C 言語でプログラムを書いた経験のある方ならば、クラスとは struct の概念を拡張したものを考えるとわかりやすいでしょう。struct には char や int のような事前定義されたデータ型が含まれ、他の struct 型が含まれる場合もあります。C++ では、struct 型はデータを格納するデータ型だけでなく、データを操作する演算にも使用できます。C++ のキーワードである class は、C の struct と似ています。使い方としては、多くのプログラマは、C と互換性のある struct 型を表すのに struct を使用し、C では使用できない C++ 機能を持つ struct 型を表すのに class を使用しています。
C++ には、「データの抽象化」の手段としてクラスが用意されています。プログラムのデータとしてどのような型 (クラス) がいいかを最初に決定し、次にそれぞれの型が必要とする演算を決定します。つまり、C++ クラスはユーザーが定義するデータ型と言えます。
たとえば 大きな整数の演算を行う BigNum というクラスを定義する場合、クラス BigNum のオブジェクトと一緒に使用したときだけ意味を持つ + 演算子を定義できます。n1 と n2 が BigNum という型のオブジェクトである場合、次の式は BigNum で定義した + 演算子によって値が決まります。
n1 + n2
operator +() が定義されていないと、クラスの型に対して + 演算は実行できません。+ 演算子は、int、long、float などの組み込み数値型に対してのみ事前定義されています。

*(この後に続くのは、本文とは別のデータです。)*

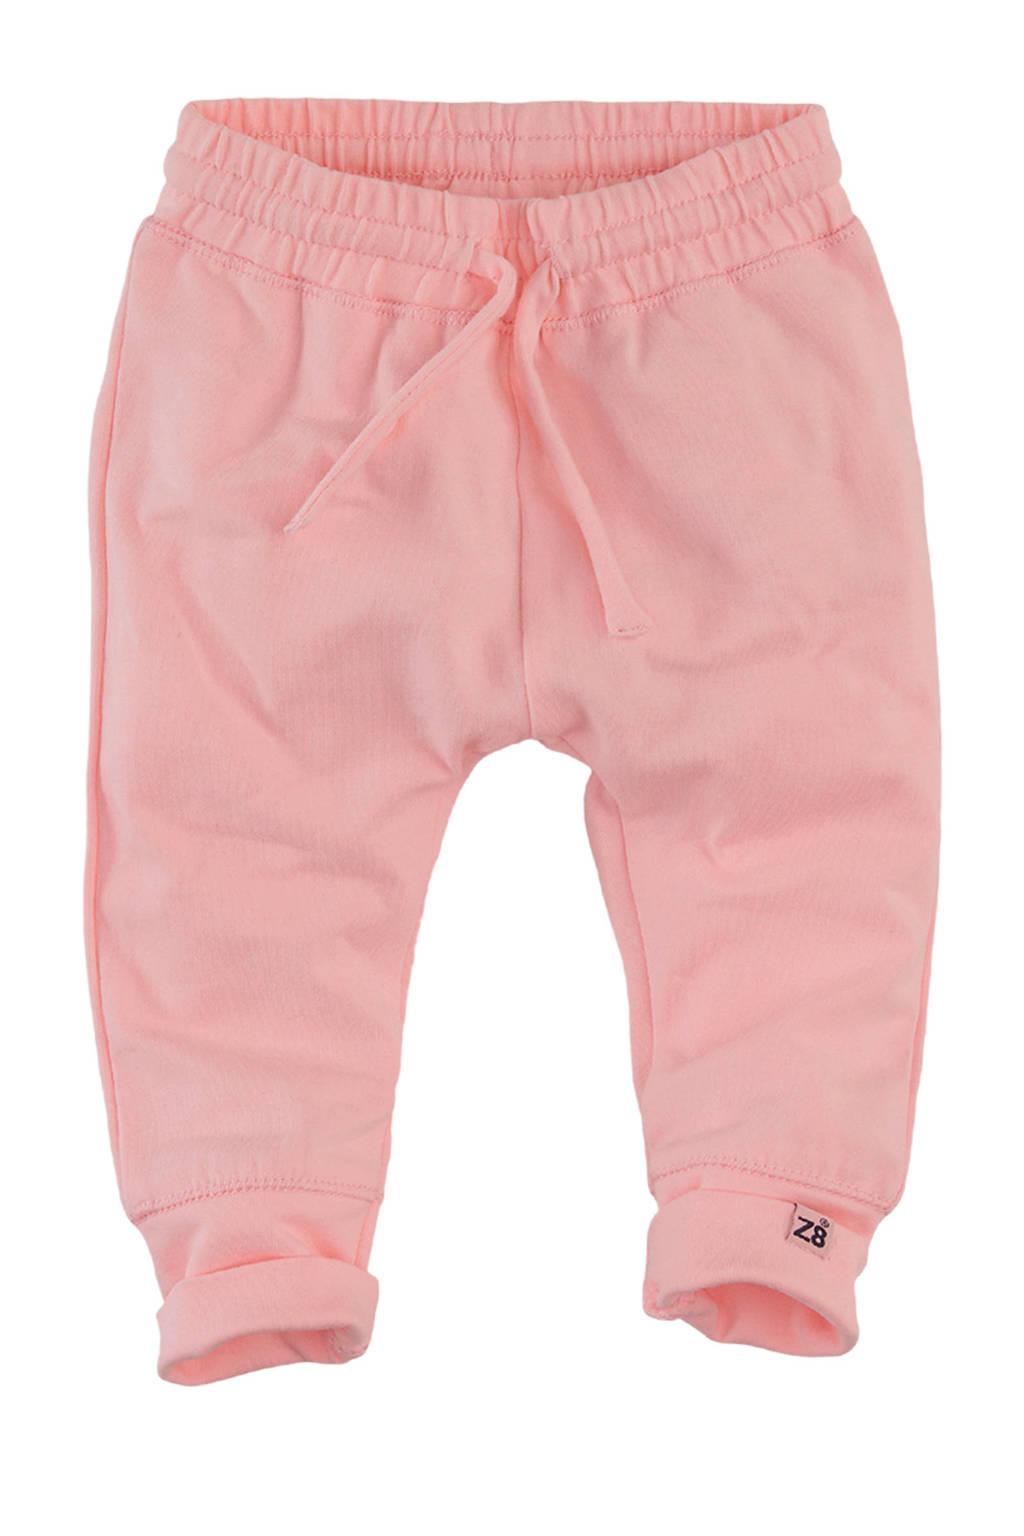 Z8 newborn joggingbroek Dodo roze, Roze

このように複数の定義を持つ演算子を「多重定義演算子」と呼びます。
C++ クラスのデータ記憶要素は、「データメンバー」と呼ばれます。演算には、関数と多重定義された組み込み演算子 (特殊な関数) の両方が含まれます。関数は、クラスの一部として宣言されたメンバー関数であることもあれば、クラスの外で宣言される非メンバー関数であることもあります。メンバー関数は、クラスのメンバーにだけ作用します。クラスの非公開メンバーまたは限定公開メンバーに直接アクセスする必要がある場合は、非メンバー関数は「フレンド関数」として宣言されなければなりません。
クラスメンバーへのアクセスのレベルは、public (公開)、private (非公開)、protected (限定公開) という「メンバーアクセス指示子」を使って指定できます。公開メンバーは、プログラム内のすべての関数で使用できます。非公開メンバーを使用できるのは、クラスのメンバー関数とフレンド関数だけです。限定公開メンバーを使用できるのは、基底クラスのメンバー関数とフレンド関数、および派生クラスのメンバー関数とフレンド関数だけです。同じアクセス指示子を基底クラスに適用すると、影響を受ける基底クラスのすべてのメンバーに対するアクセスを限定できます。